Speaking to activists over the weekend at the Conservative Political Action Conference, Trump repeatedly made false claims about the election and called for more restrictions, including proof of citizenship to cast a ballot and limits on mail-in voting.
This week, former Vice President Mike Pence joined the criticism, taking aim at a Democratic bill that passed in the US House of Representatives on Wednesday that would set uniform standards for voting. The bill, dubbed The For the People Act, would deliver the biggest overhaul to US election law in decades. Among other provisions, it would mandate automatic voter registration, expand mail-in voting and restore voting rights to former felons.
In an op-ed in The Daily Signal, Pence claimed the 2020 election was “marked by significant voting irregularities” and described the work under way in state legislatures as needed “reform to restore public confidence in state elections.”
There is no evidence of widespread voter fraud that would have changed the outcome of the 2020 election.
Allegations of voter fraud are “just code for historic Black turnout,” said Sherrell Byrd, who helps run SOWEGA Rising, a community organization in southwest Georgia.
“That’s what’s being attacked right now,” she said. “The things we fought for. That our grandparents were fighting for. They said, ‘Fine, we’ll give you those rights.’ We exercised those rights.
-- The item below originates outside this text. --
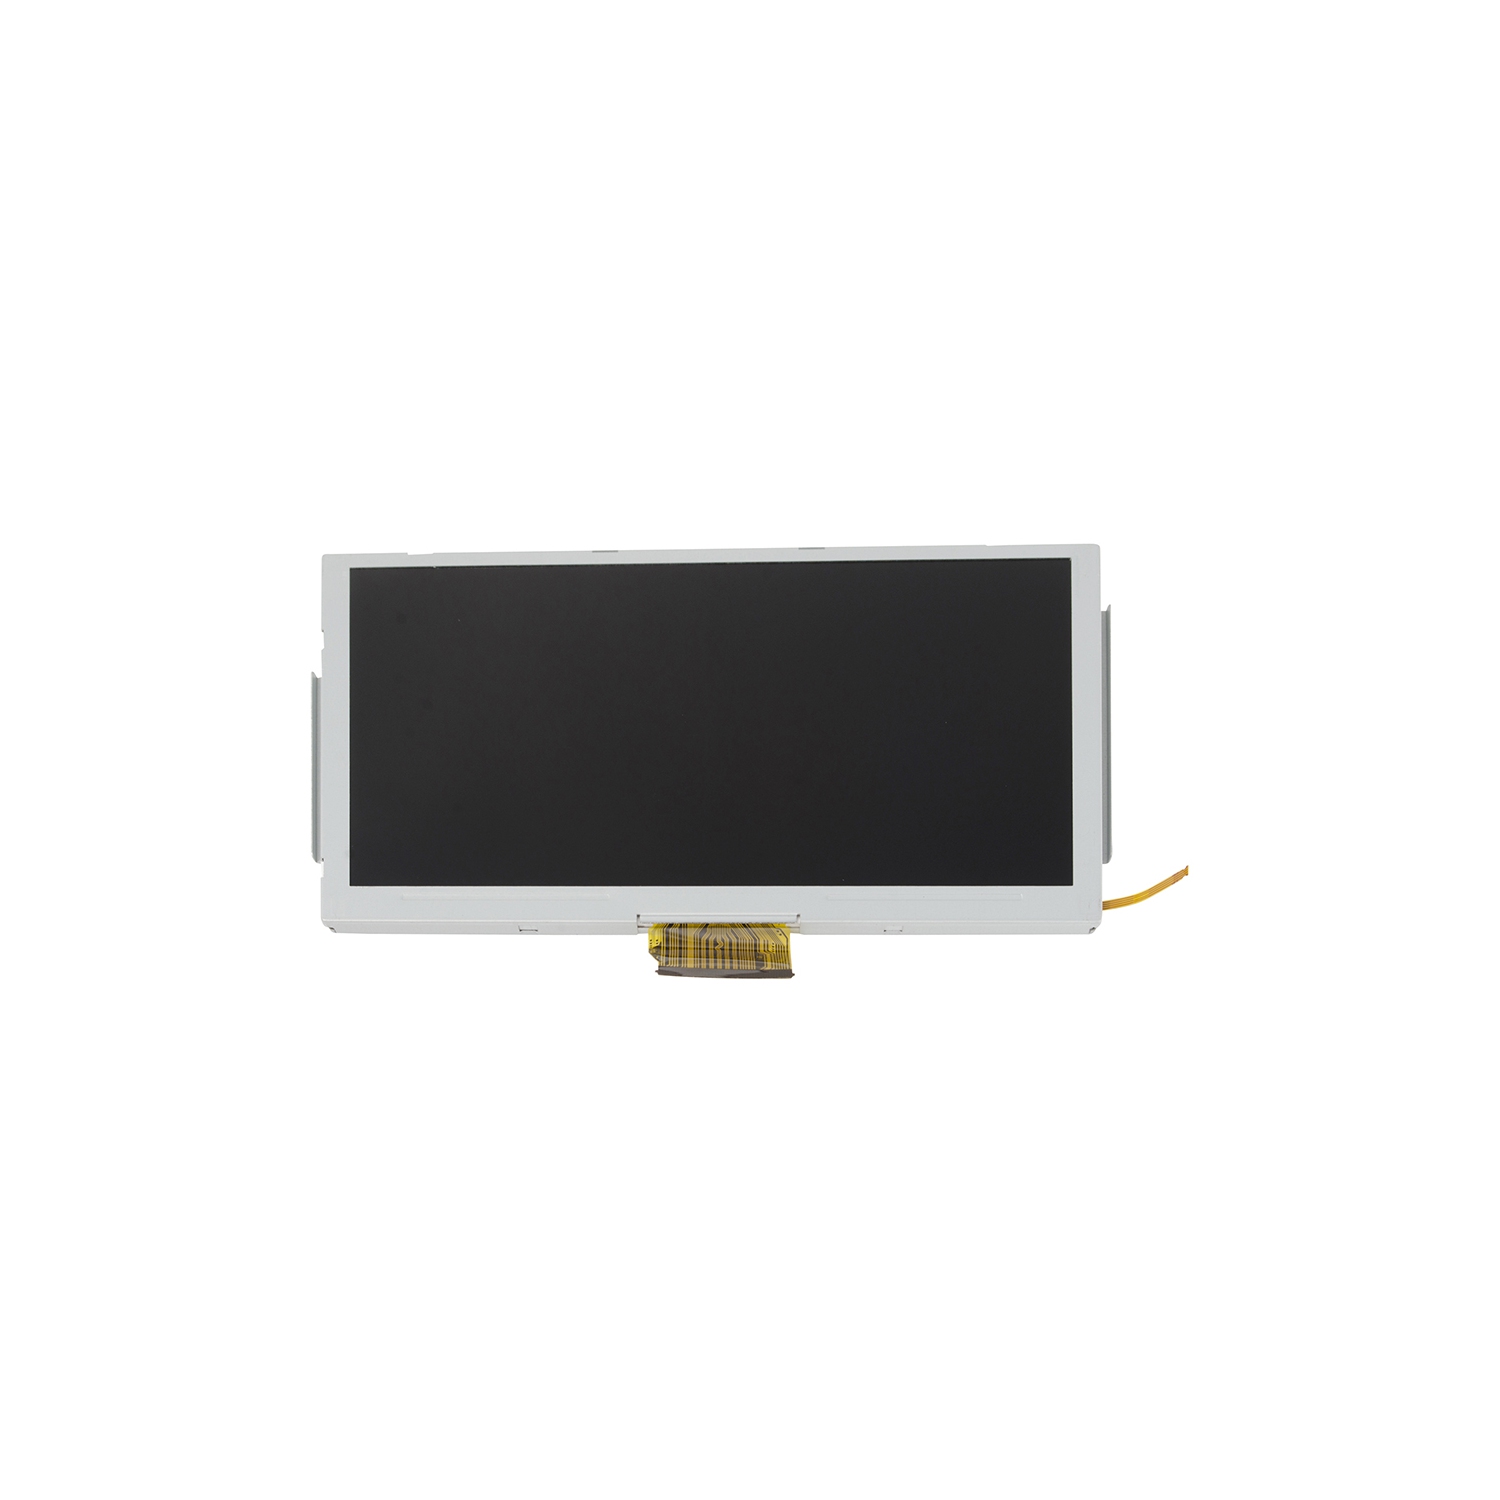 Nintendo Wii U Gamepad LCD Replacement
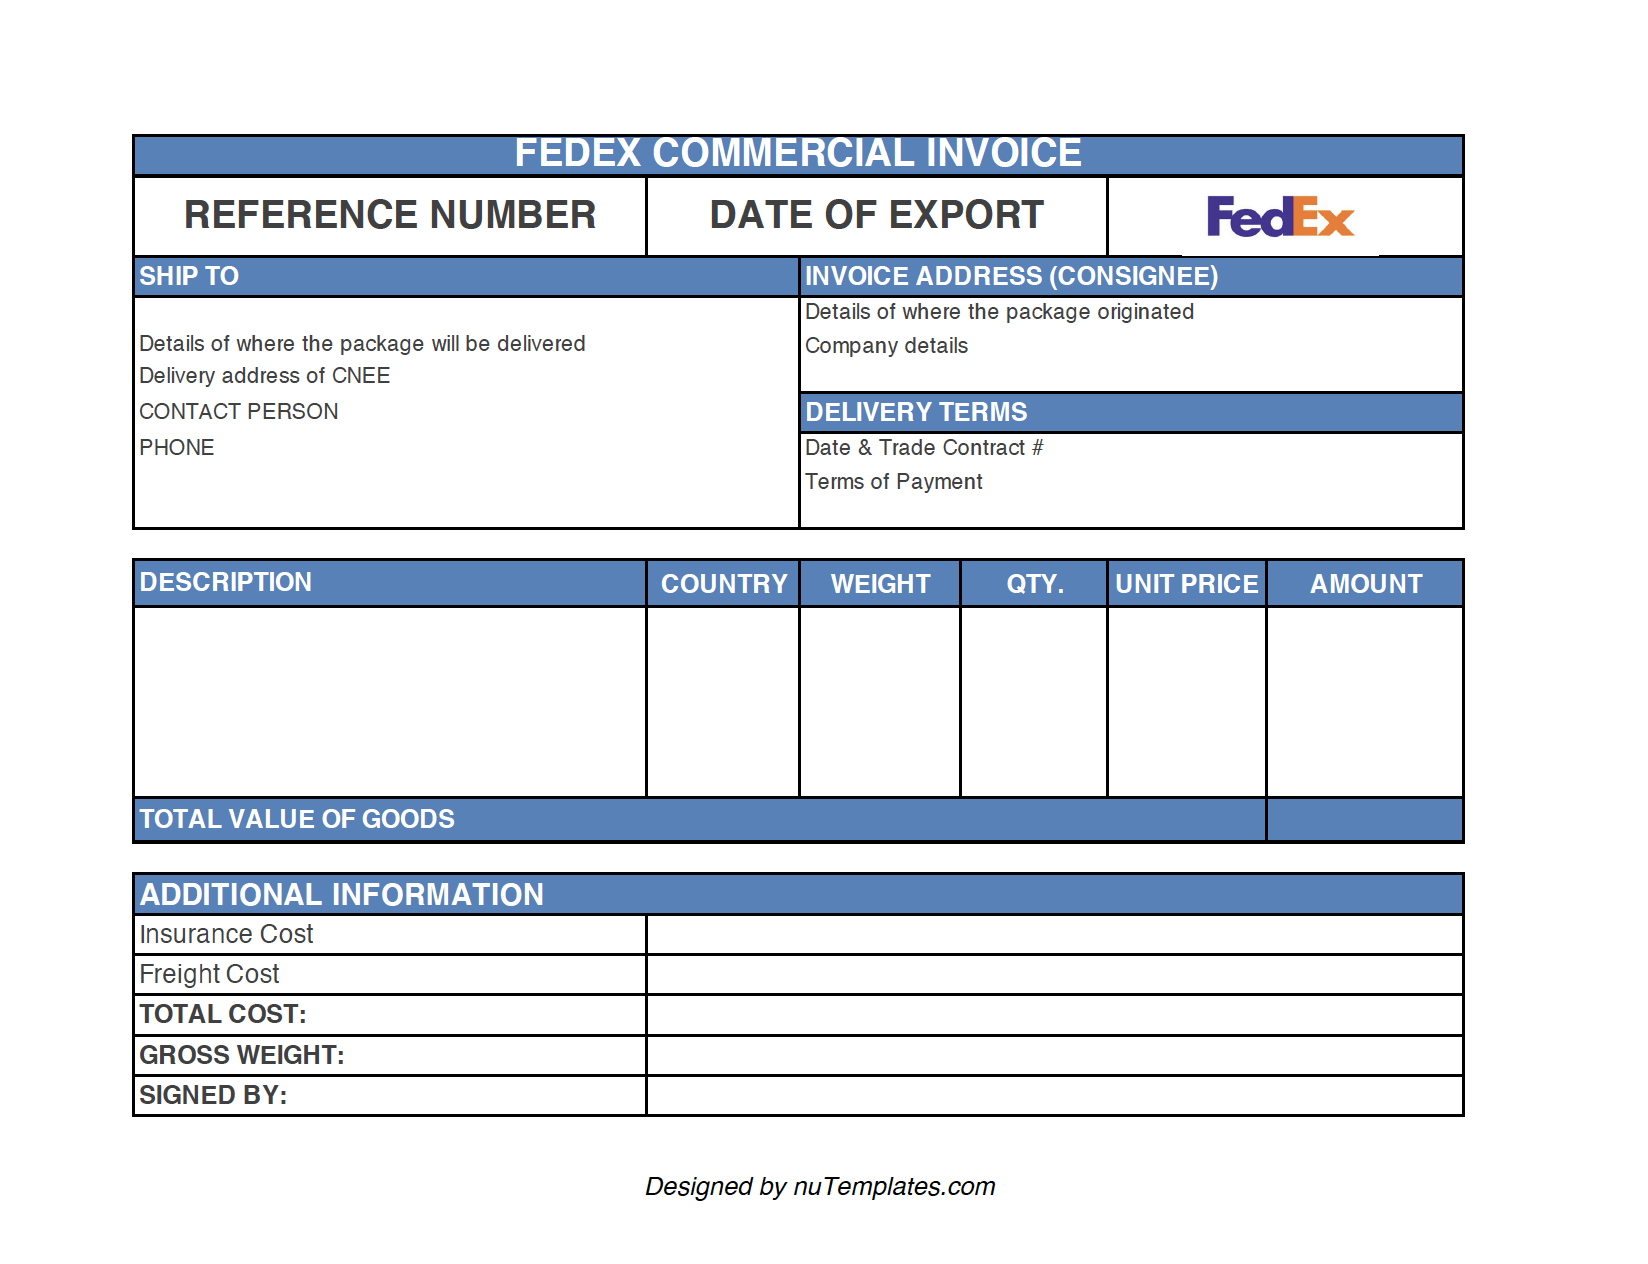 Fedex Commercial Invoice Template Fedex Invoices Nutemplates Riset

We did what we were supposed to do, and it worked.”
“So, they continue to try to change the game,” Byrd said of Georgia lawmakers.
Black voters in Georgia helped propel Democrats to big wins.
Exit polls show 88% of the Black electorate supported Biden last November. And in January, Democratic Sens. Jon Ossoff and Raphael Warnock saw even bigger support, capturing 92% and 93% of the Black vote in their runoff elections, respectively.
Warnock, who won a special election, is on the ballot again in November 2022.
Faced with the barrage of bills moving through the Georgia legislature, activists are turning to other forms of public pressure.
This week, Black Voters Matters Fund launched an advertising effort with other voting-rights groups that calls on corporations in Georgia to speak out against the voting restrictions. And this weekend, the NBA is teaming with a group founded by Los Angeles Lakers superstar LeBron James to promote voting rights during Sunday’s All-Star Game in Atlanta.
Powell, the pastor from Albany, said he’s hopeful that Black voters in the state and elsewhere won’t retreat, even if Georgia’s proposed voting restrictions become law.
“An awakening has taken place, not only in places like Georgia, but in Pennsylvania and Wisconsin,” Powell said, ticking off battleground states that saw strong Black voter turnout last year. “People will find a way because they witnessed what happens when we get engaged and come together.”